Frankly, I got my fill of deep, dull nonsense in college, and at least "Ethan Frome" had the courtesy not to sully any good memories in the process of putting me to sleep.
I remember good Trek, good Trek was a friend of mine, and you, Voyager, are not good Trek. You are awkward, boring, stultifying Trek. Go away. You're not wanted.
Could you imagine if Next Generation had been canceled after the third season? Trek would have died a martyr. Riker's "Fire!" would have been the last, best memory of a show on its way up. That single moment was a brilliant combination of drama, tension, betrayal, regret. It worked, and worked in ways that television rarely does. As pure entertainment -- forget the franchise and the genre for a moment -- it succeeded brilliantly, and left me and millions of others breathless, overwhelmed, giddy.
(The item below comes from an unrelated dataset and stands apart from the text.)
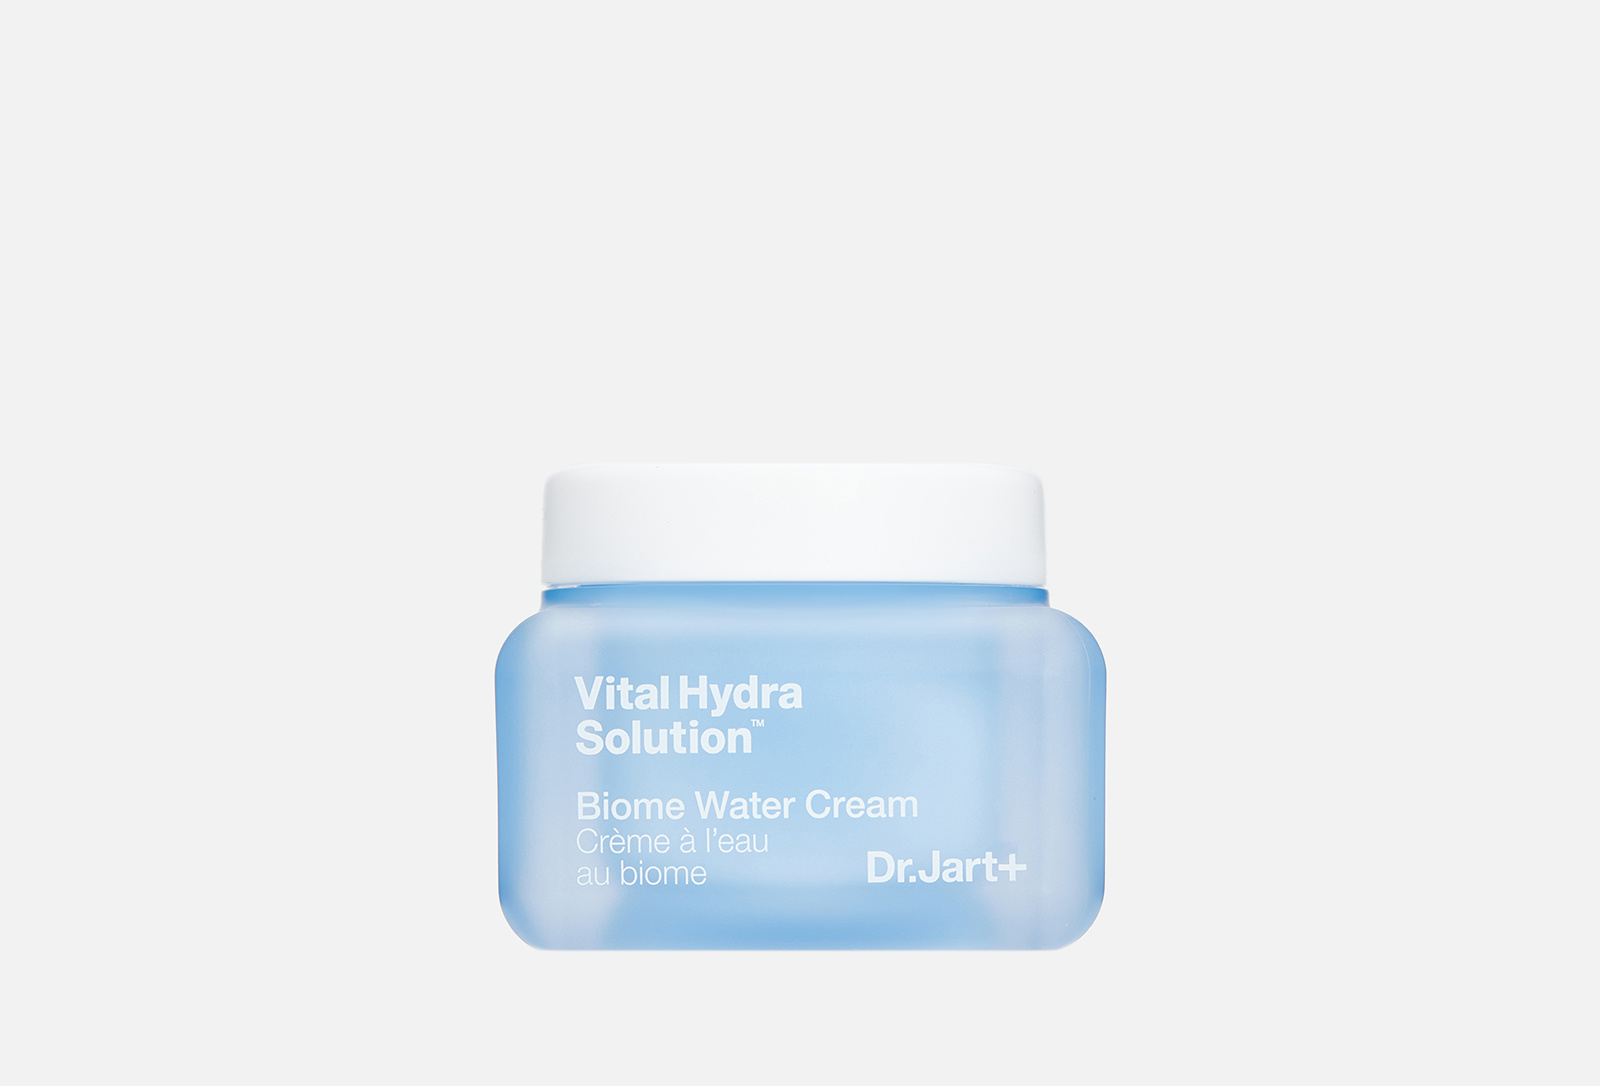 Купить Крем-гель для лица Dr.Jart Vital Hydra Solution Biome Water Cream 50 мл, Dr.Jart+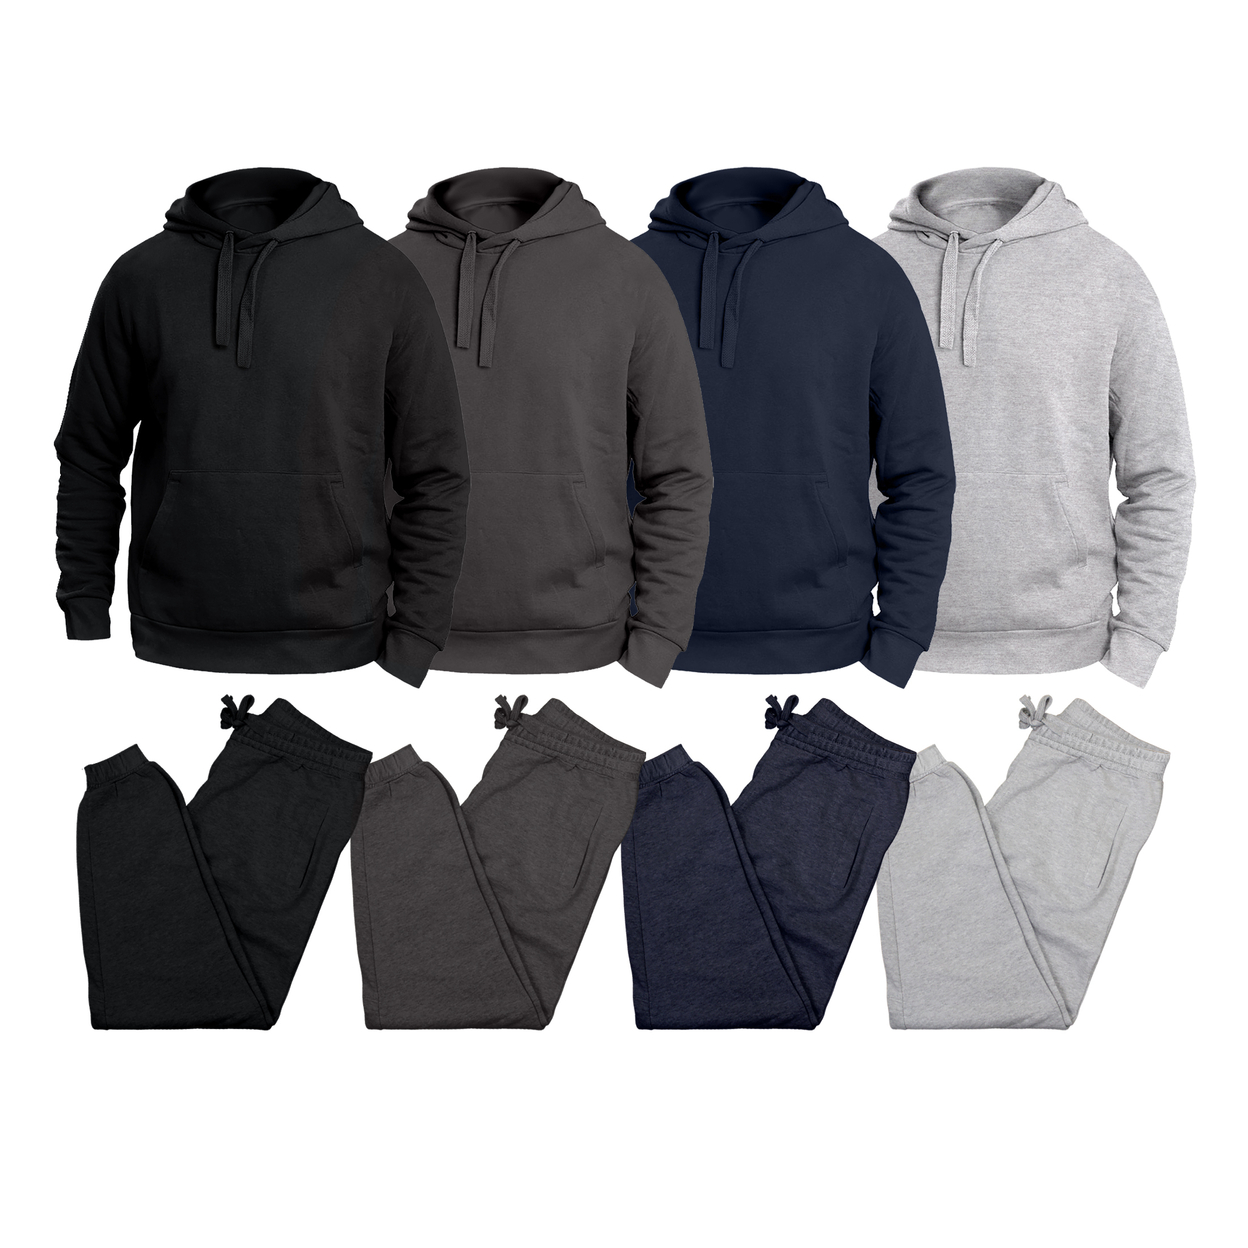 Multi-Pack: Big & Tall Men's Winter Warm Cozy Athletic Fleece Lined Multi-Pocket Cargo Sweatsuit - Black, 2-pack, Medium

The slide down from that single instant has been grindingly awful. Season Four opened with what would be a metaphor for almost everything since: their best shot a fizzling, useless dud.
I could list a whole ream of grievances here, page after page of embarrassments and disasters vomited out by Star Trek Inc. in the years since, but I very likely don't have to. Anybody who has managed to find any of the shows in well-nigh a decade knows them by heart. From Picard to Sisko to Janeway: who's next? Carrot Top?
In order to save Star Trek, it must be destroyed. To preserve anything of its (tattered, battered) reputation, to keep even the slightest (sullied, dirtied) memory, any current -- and future -- incarnations must be taken behind the shed and put out of their misery with an axe handle.
In fact, the proper thing to do isn't just end Trek now, but to go back in time -- or, heck, maybe jump to an alternate universe -- and make it so that the past nine years of almost entirely consistent weekly embarrassments never occurred.
Then, and only then, would you have a show worth praising, worth remembering, worth eulogizing, worth bothering with.